Unit Code: HI6007

Unit Name: Statistics for Business Decisions Assignment: Tutorial Questions 2

Weighting: 25%

Purpose: This assignment is designed to assess your level of knowledge of the key topics covered in this unit

Unit Learning Outcomes Assessed:

1. Students are able to apply appropriate business research methodologies to support decision-making process.
2. Students are able to identify and apply valid statistical techniques in a given scenario to solve business problems.
3. Students are able to justify and interpret the results of a statistical analysis in the context of critical reasoning for a business problem solving.
4. Students are able to apply statistical knowledge to summarize data graphically and statistically, either manually or via a computer package.
5. Students are able to justify and interpret statistical/analytical scenarios that best fit business solution.
6. Students are able to justify value and limitations of the statistical techniques to business decision making.

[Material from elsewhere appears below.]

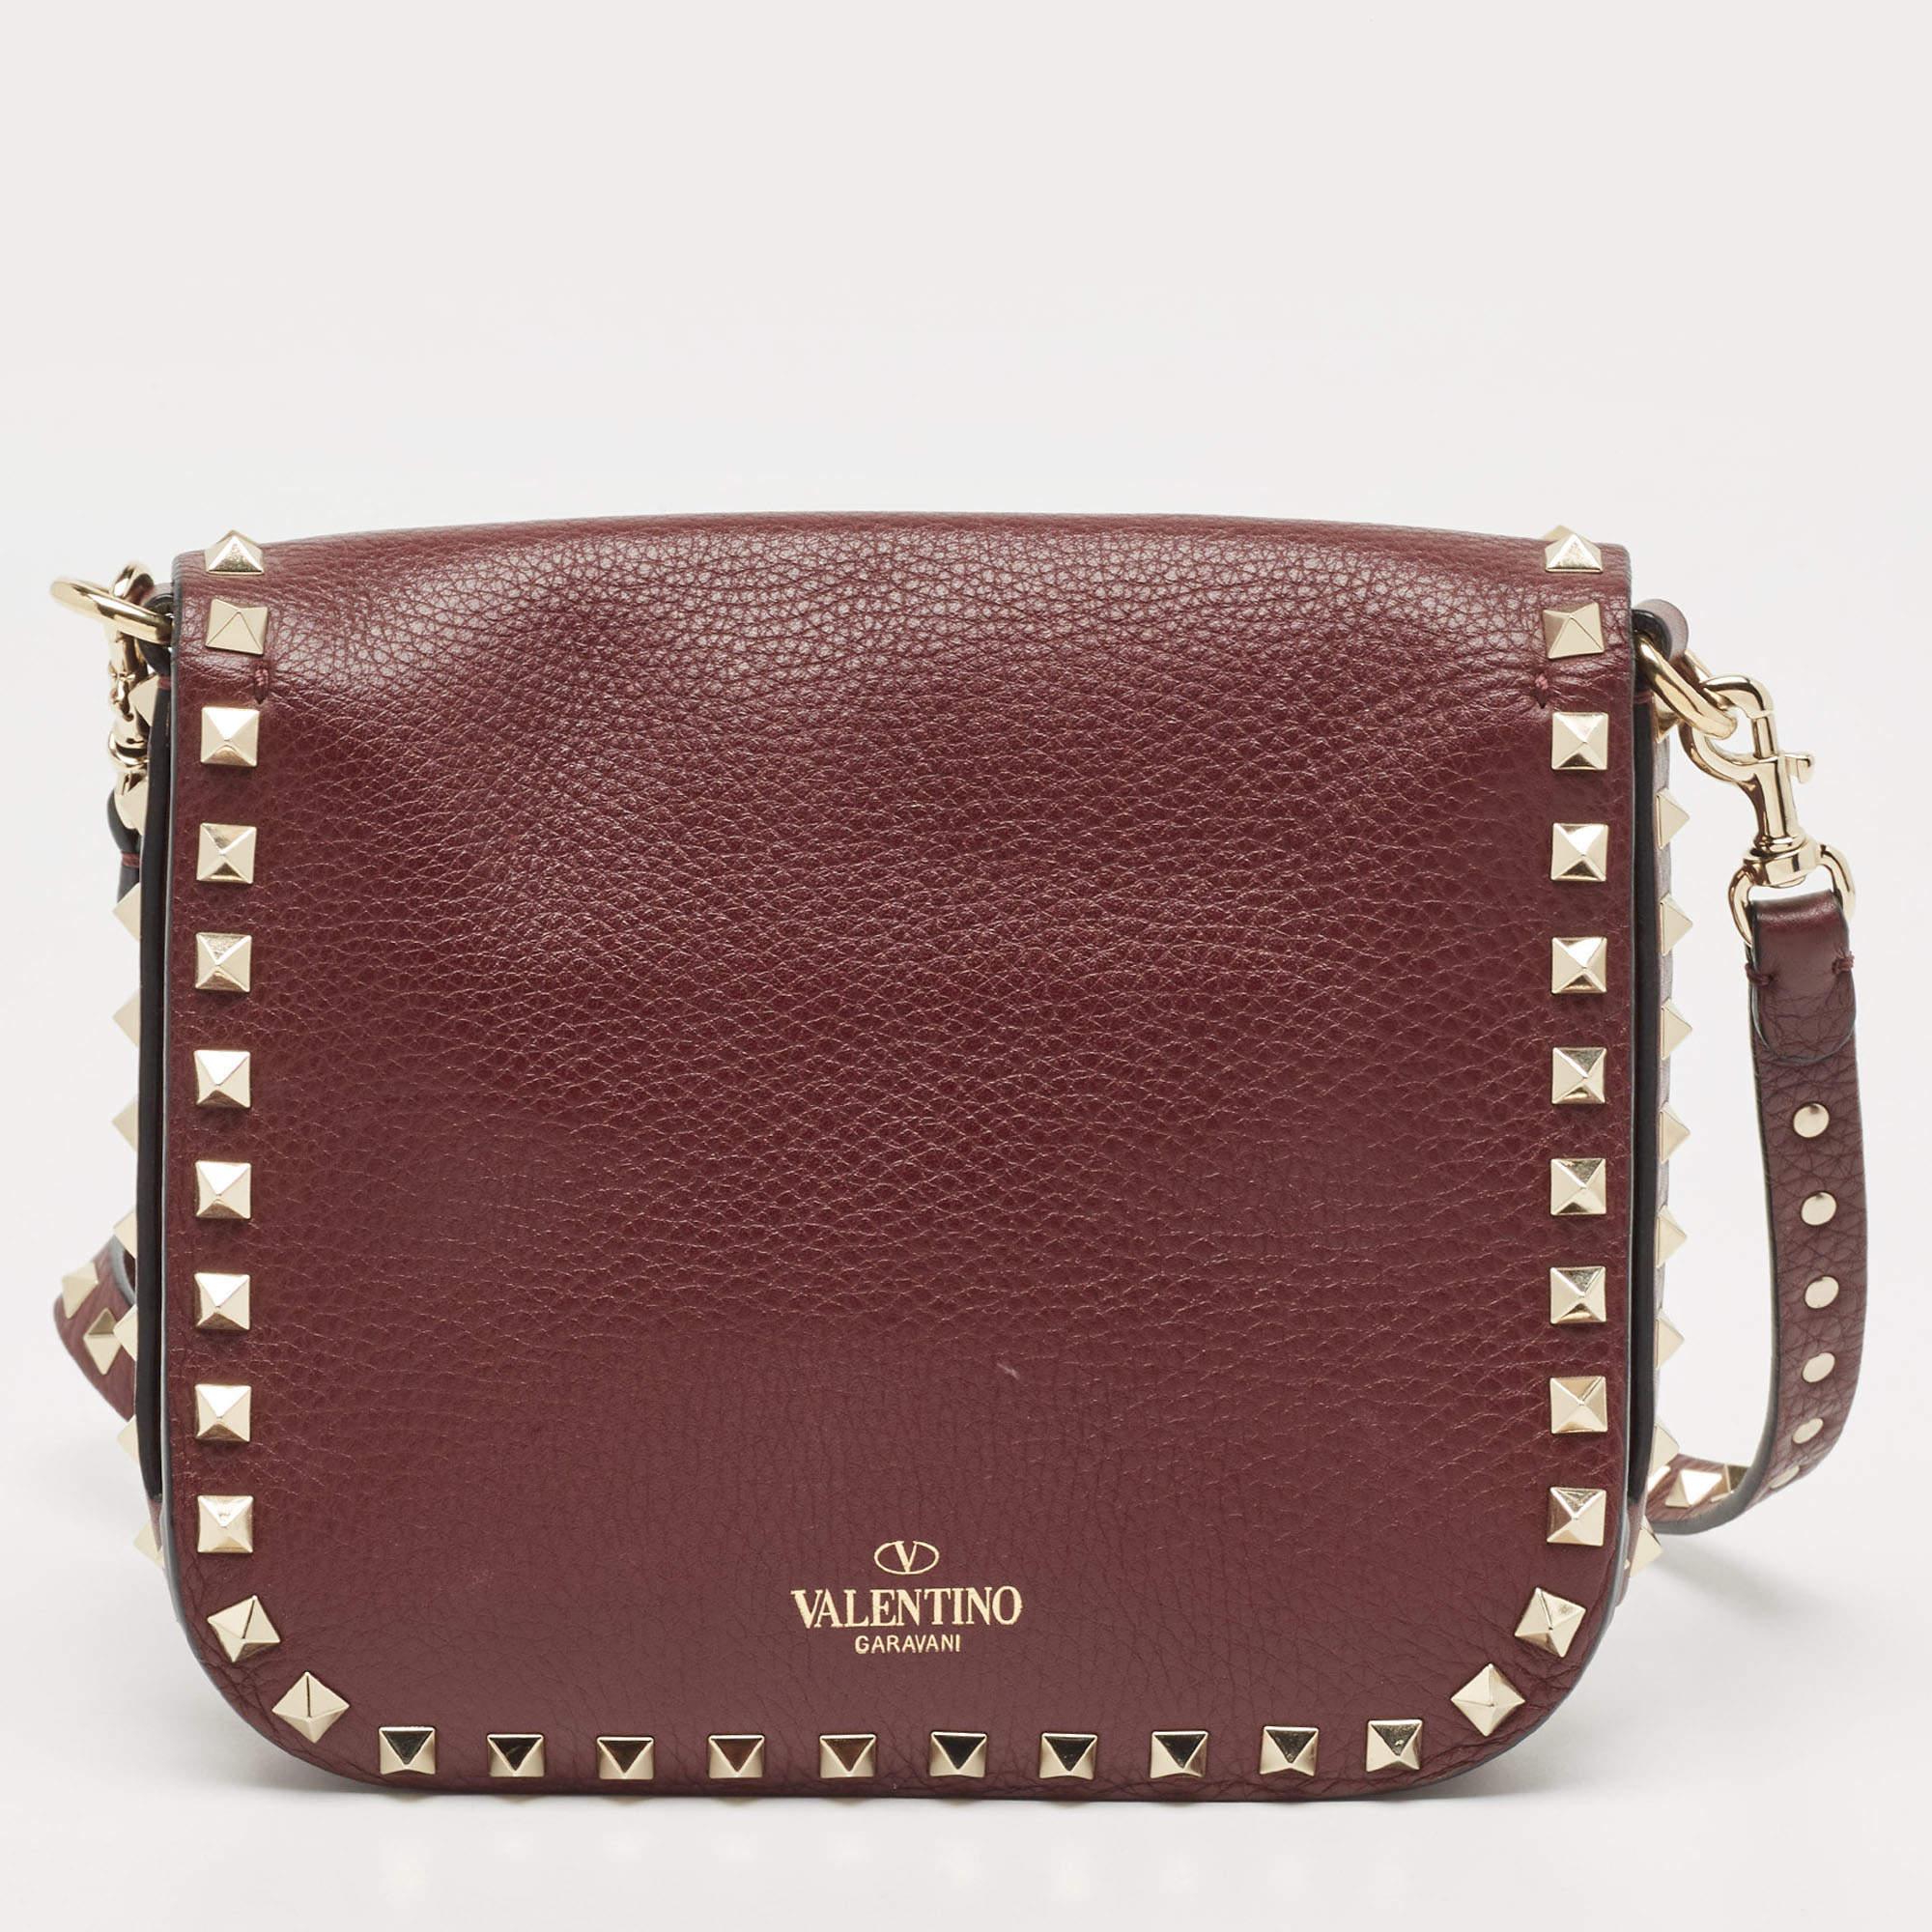 Express your personal style with this high-end crossbody bag. Crafted from quality materials, it has been added with fine details and is finished perfectly. It features a well-sized interior.

Includes: Detachable Strap

Description: Each week students were provided with three tutorial questions of varying degrees of difficulty. These tutorial questions are available in the Tutorial Folder for each week on Blackboard. The Interactive Tutorials are designed to assist students with the process, skills and knowledge to answer the provided tutorial questions. Your task is to answer a selection of tutorial questions for weeks 7 to 11 inclusive and submit these answers in a single document.

The questions to be answered are;

Week 7

Question 2 (10 marks)

A local health centre noted that in a sample of 400 patients, 80 were referred to them by the local hospital.

1. Provide a 95% confidence interval for all the patients who are referred to the health centre by the hospital.(5 marks)
2. What sample size would be required to estimate the proportion of all hospital referrals to the health centre with a margin of error of 0.04 or less at 95% confidence?(5 marks)

Week 8

Question 1 (10 marks)

The average starting salary of students who graduated from colleges of Business in 2009 was \$48,400. A sample of 100 graduates of 2010 showed an average starting salary of \$50,000. Assume the standard deviation of the population is known to be \$8000. We want to determine whether or not there has been a significant increase in the starting salaries.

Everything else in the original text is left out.